TO DO. Please print the listing that follows word for word, but skip any pictures it holds.

DATA SEGMENT.

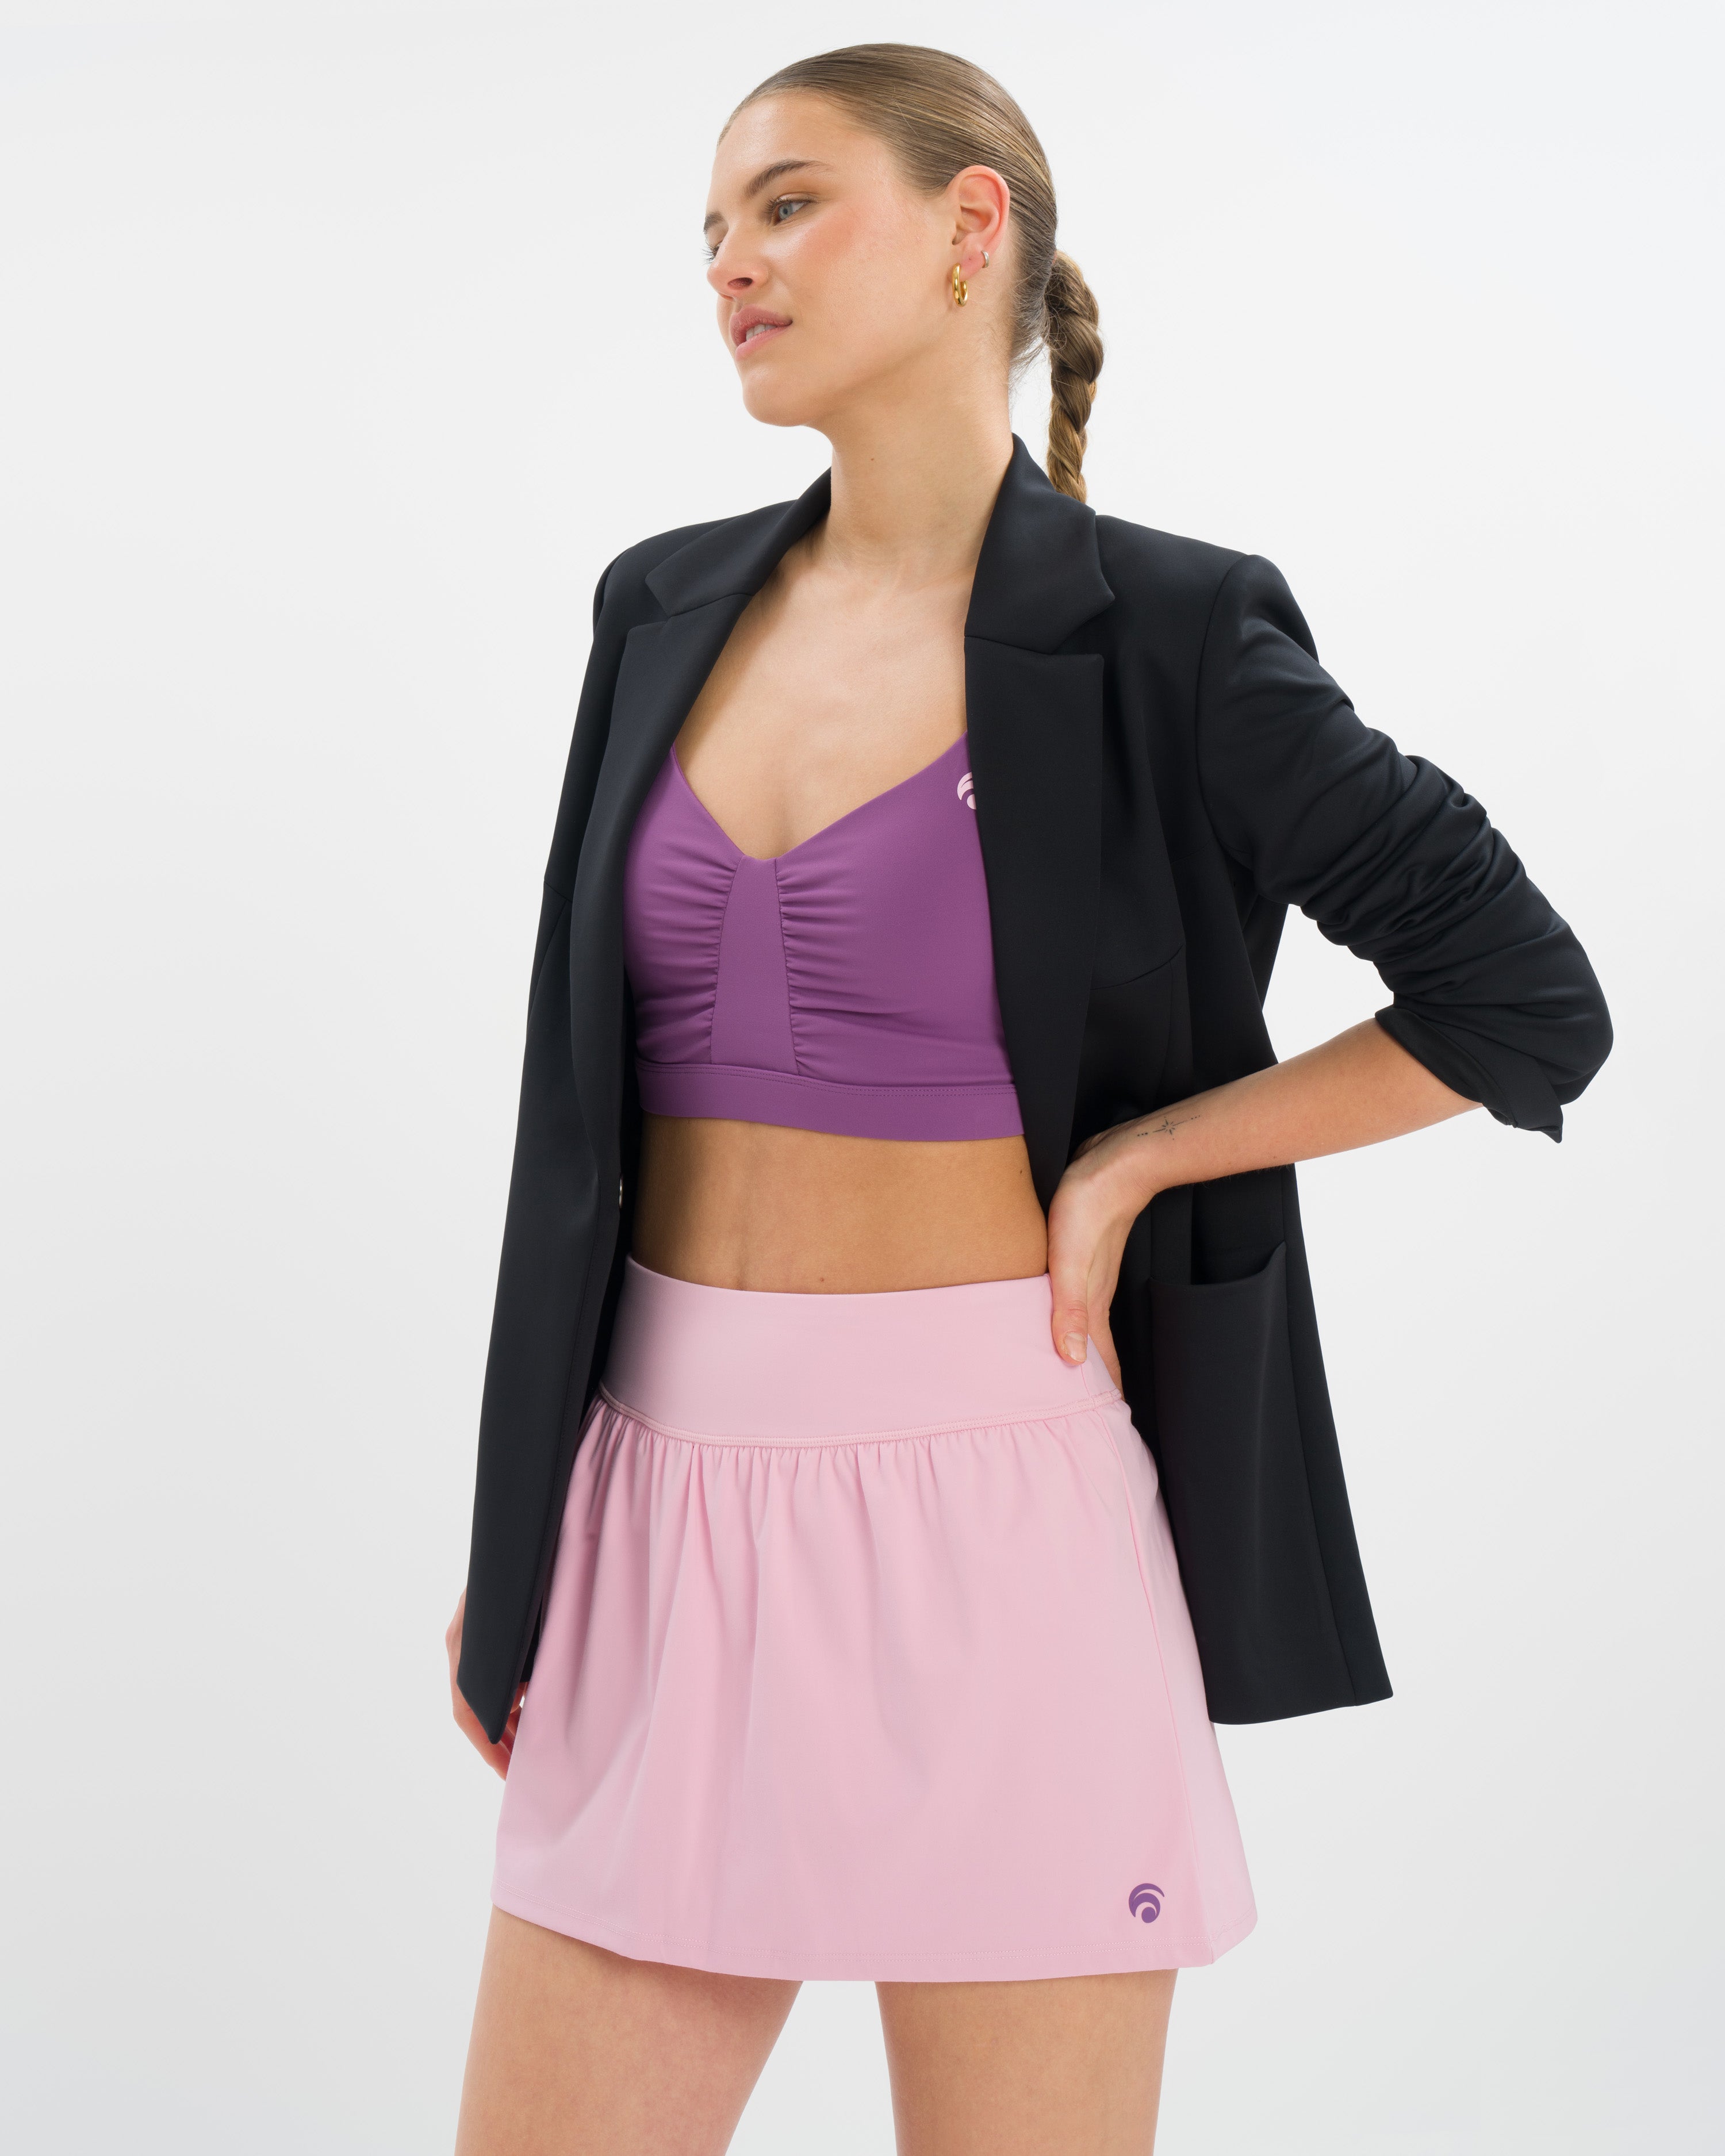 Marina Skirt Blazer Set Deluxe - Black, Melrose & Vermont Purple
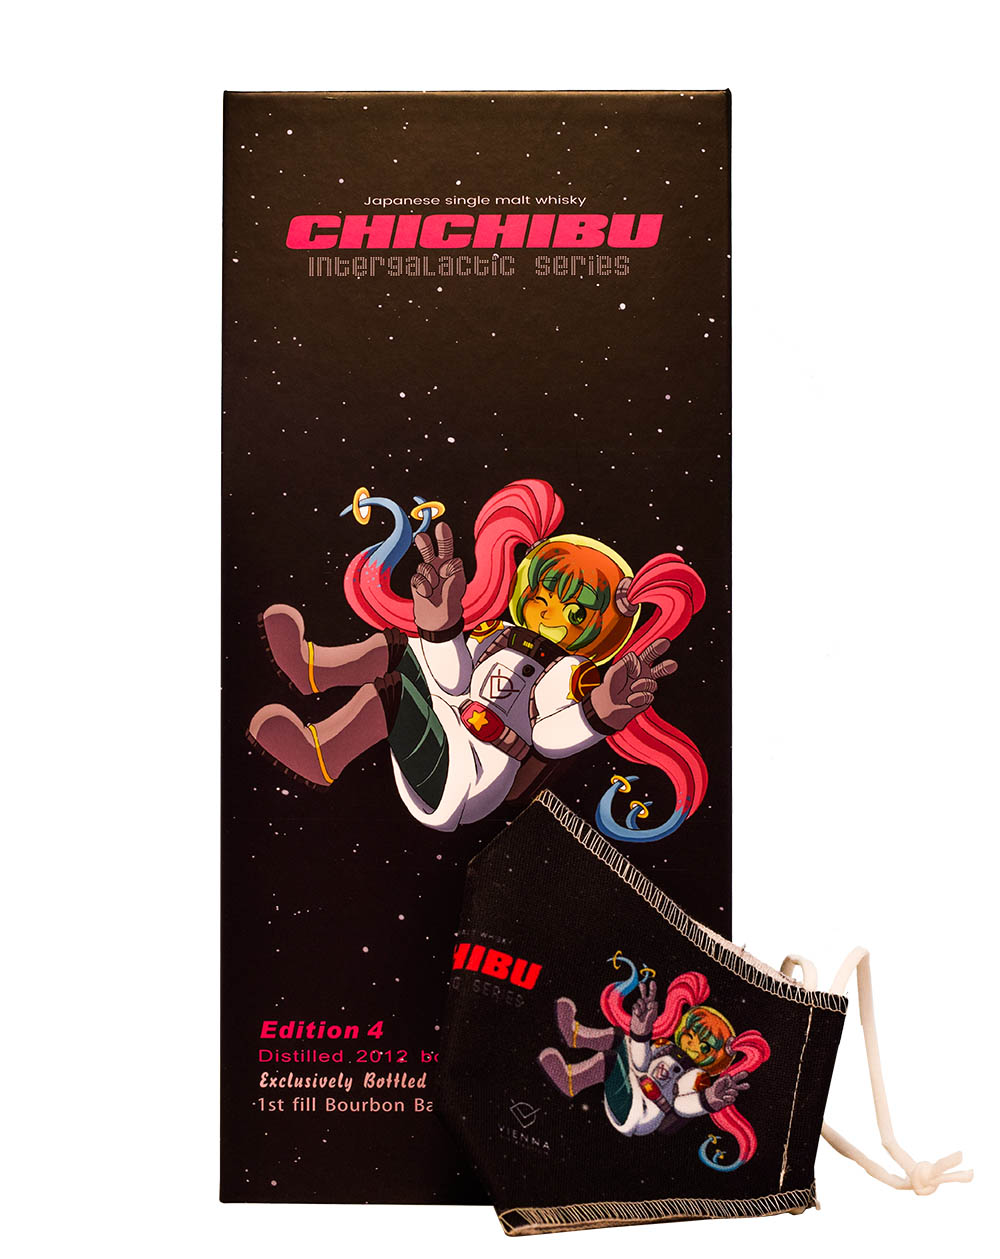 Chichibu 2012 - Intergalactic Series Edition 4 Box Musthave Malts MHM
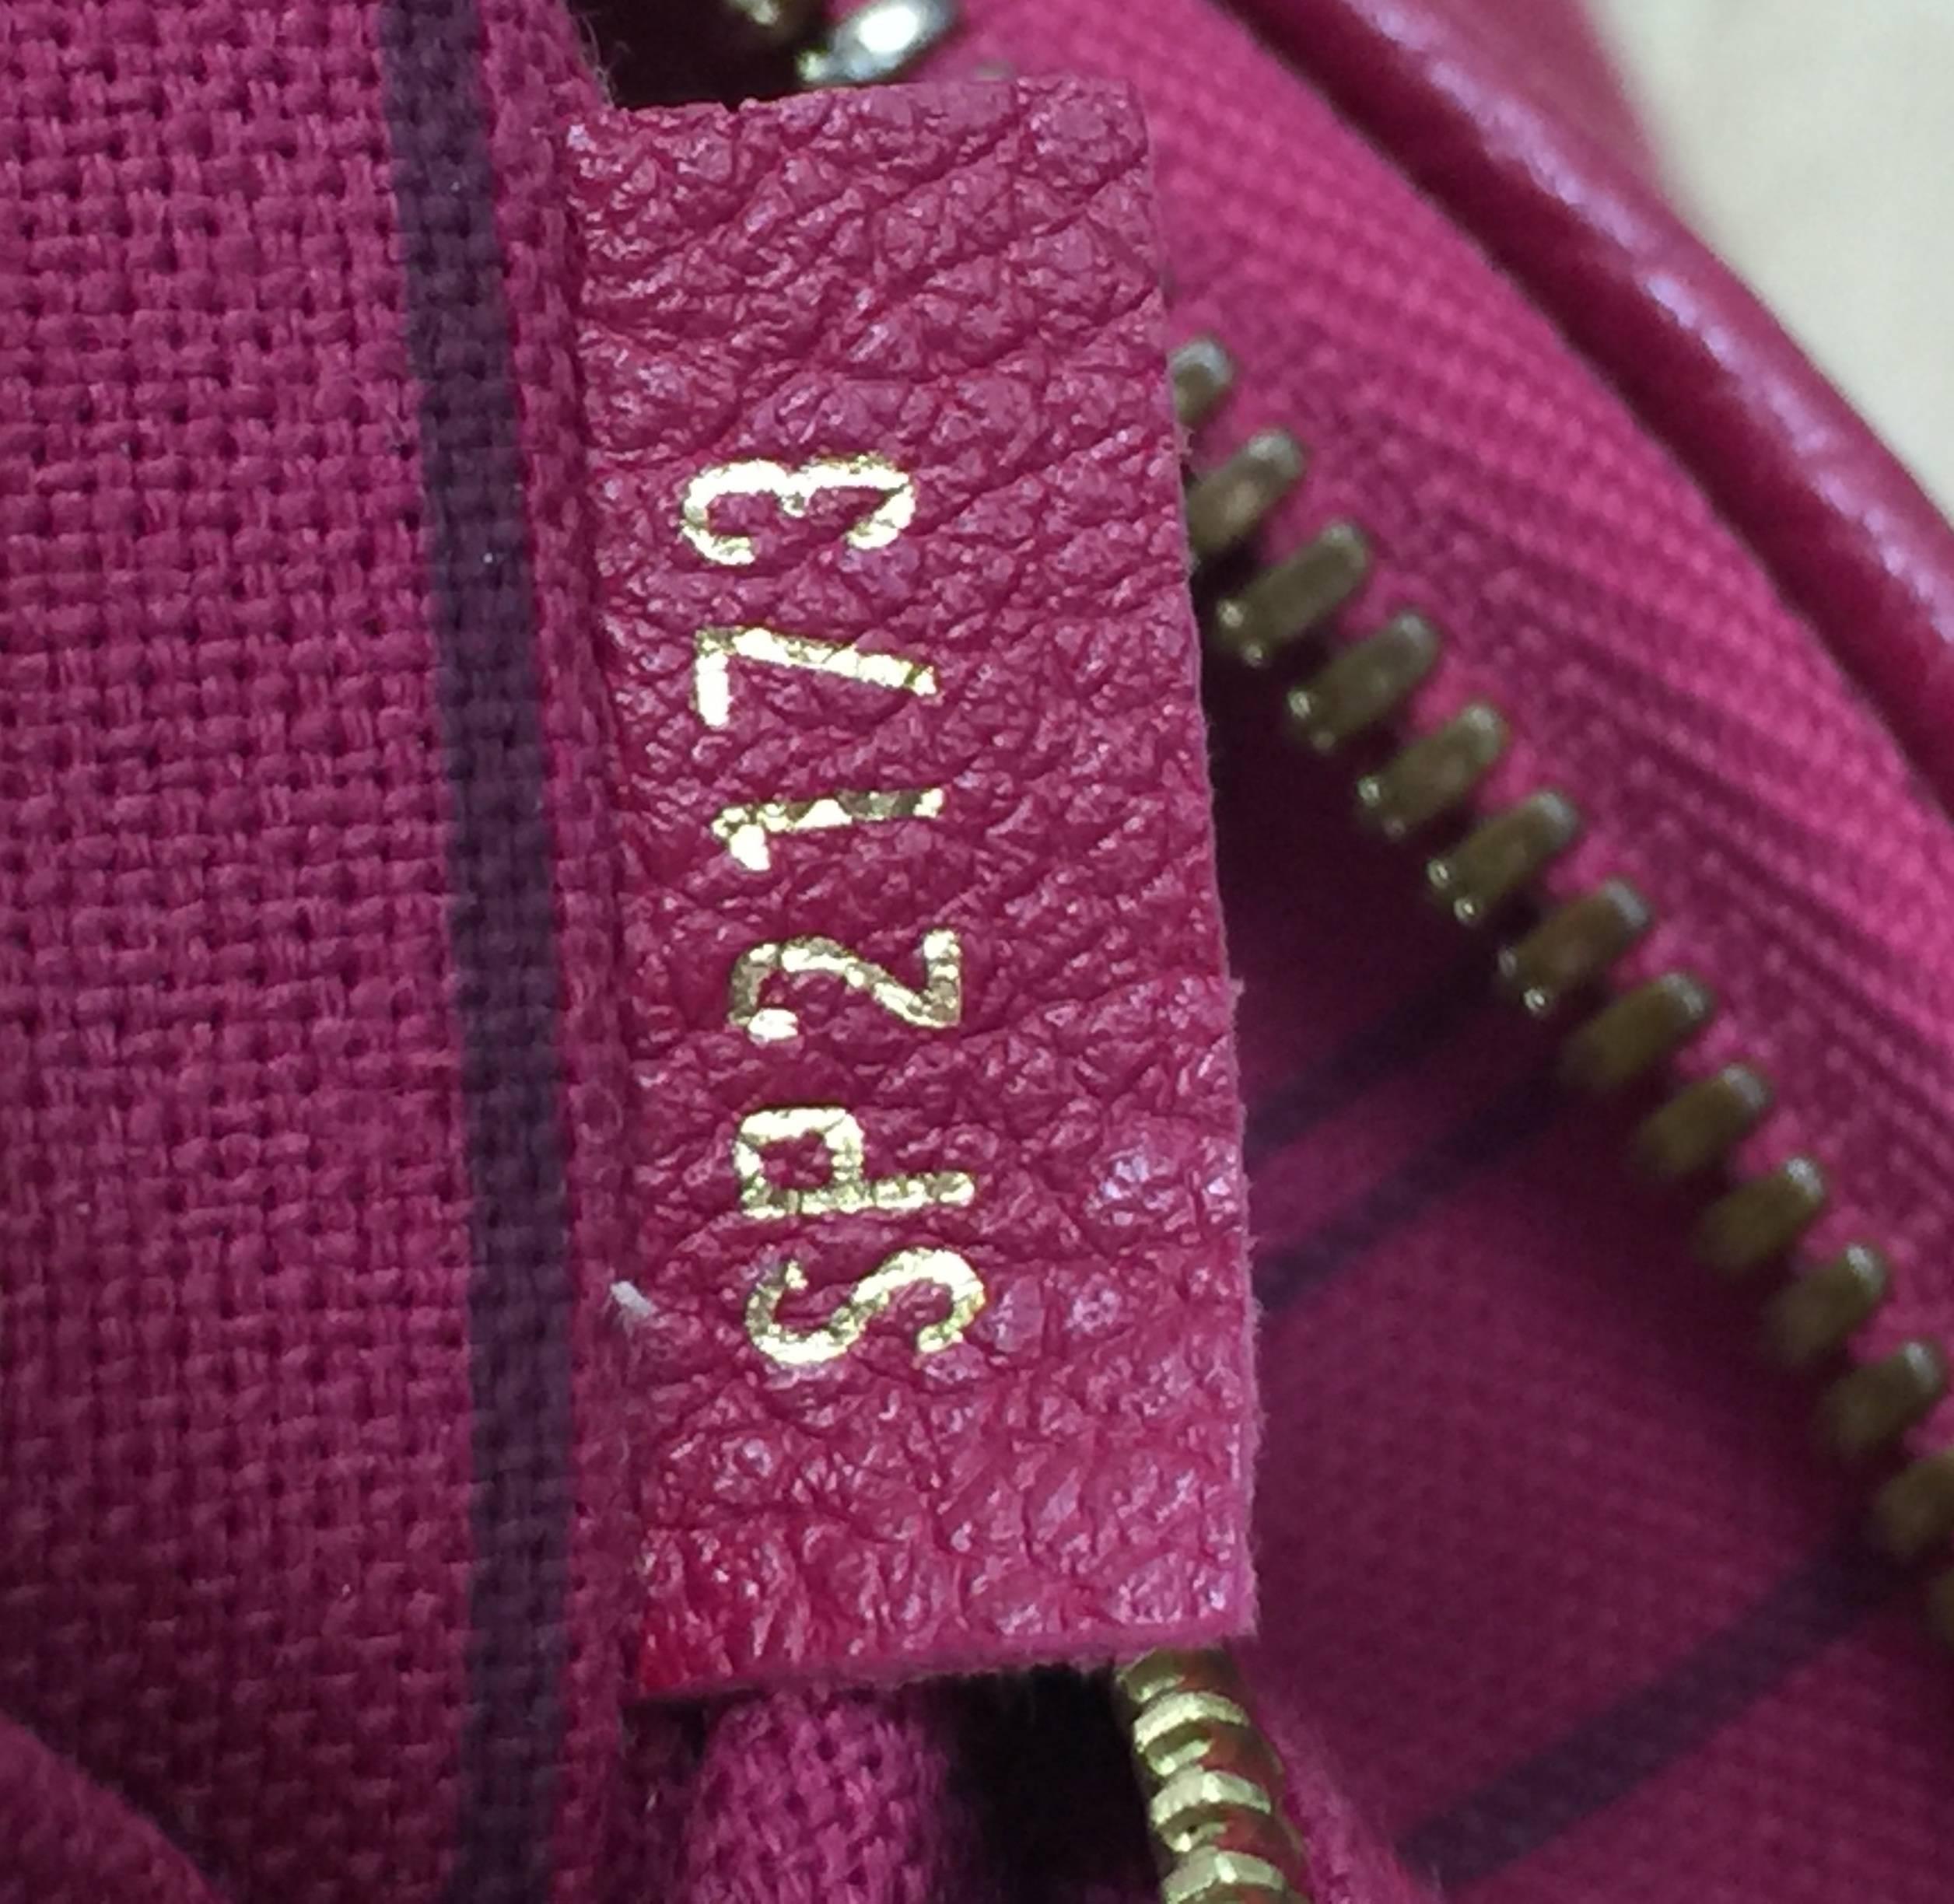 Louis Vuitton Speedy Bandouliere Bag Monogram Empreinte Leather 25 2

OUTPUT FOR THIS EXERCISE.
 Marina Skirt Blazer Set Deluxe - Black, Melrose & Vermont Purple
 Chichibu 2012 - Intergalactic Series Edition 4 Box Musthave Malts MHM
 Louis Vuitton Speedy Bandouliere Bag Monogram Empreinte Leather 25 2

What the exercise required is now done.